Center for Primary Care and Public Health (unisanté), DFRI/Division of Biostatistics, University of Lausanne, Switzerland.
J Clin Epidemiol. 2021 Sep;137:176-181. doi: 10.1016/j.jclinepi.2021.04.004. Epub 2021 Apr 21.
The Bland and Altman limits of agreement (LoA) method is almost universally used to compare two measurement methods, when the outcome is continuous. The method relies on strong statistical assumptions, which are unlikely to hold in practice. Given the popularity of this simple method, it is timely to explain when it can be safely used and when it should not be used.
Based on a small sample of simulated data where the truth is known, we illustrate what happens when the LoA method is used and the underlying assumptions are violated.

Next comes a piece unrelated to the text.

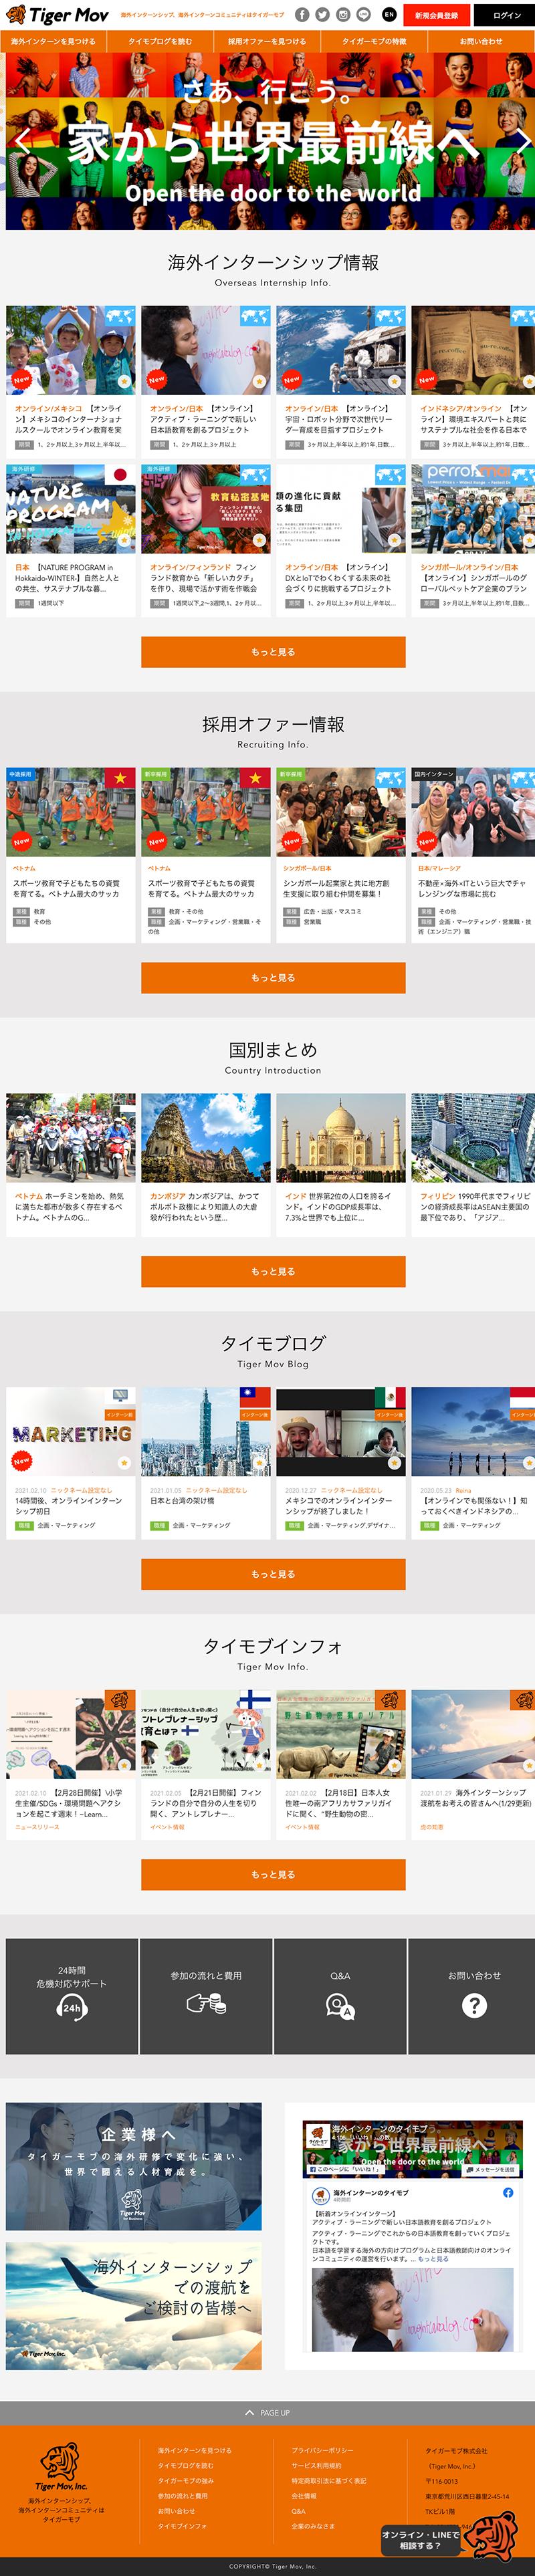 ホームページ制作実績「タイガーモブ」Webサイト新規制作

When each measurement method has a different precision or the systematic difference between the two methods is not constant, the LoA method should not be used. For this setting, we refer to an alternative unbiased statistical method, which comes at the cost of having to gather repeated measurements by at least one of the two measurement methods.

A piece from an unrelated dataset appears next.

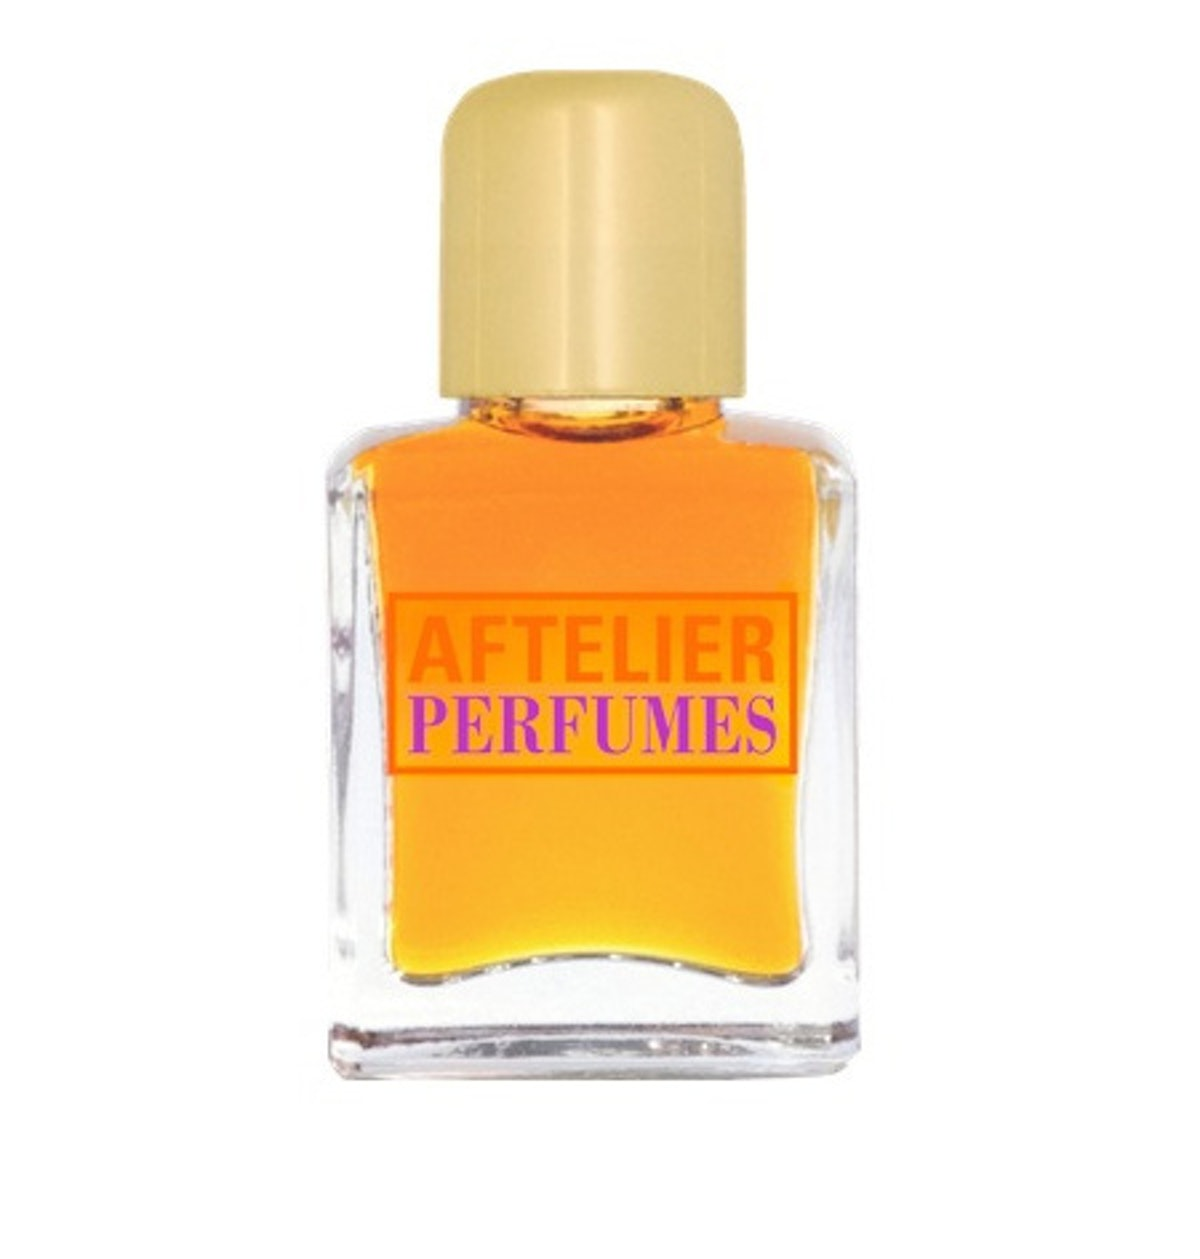 Aftelier Perfumes Cuir de Gardenia

The LoA method is valid under very restrictive conditions and when these conditions do not hold the only way out is to gather repeated measurements by at least one of the two measurement methods and use an alternative existing statistical methodology.

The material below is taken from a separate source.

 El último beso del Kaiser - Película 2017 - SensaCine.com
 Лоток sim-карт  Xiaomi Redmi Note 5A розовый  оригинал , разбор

当结果为连续时, Bland 和 Altman 一致性界限(LoA)方法几乎被普遍用于比较两种测量方法。该方法依赖于强烈的统计假设,而这些假设在实践中不太可能成立。鉴于这种简单方法的普及,及时解释何时可以安全使用,何时不应使用该方法是很有必要的。
基于一个已知真相的小样本模拟数据,我们说明了当使用 LoA 方法且违反了基本假设时会发生什么情况。
当每种测量方法具有不同的精度或两种方法之间的系统差异不恒定时,不应使用 LoA 方法。对于这种设置,我们参考一种替代的无偏统计方法,但其代价是至少需要通过两种测量方法之一来收集重复测量。
LoA 方法在非常严格的条件下有效,并且当这些条件不成立时,唯一的出路是通过至少一种测量方法收集重复测量,并使用现有的替代统计方法。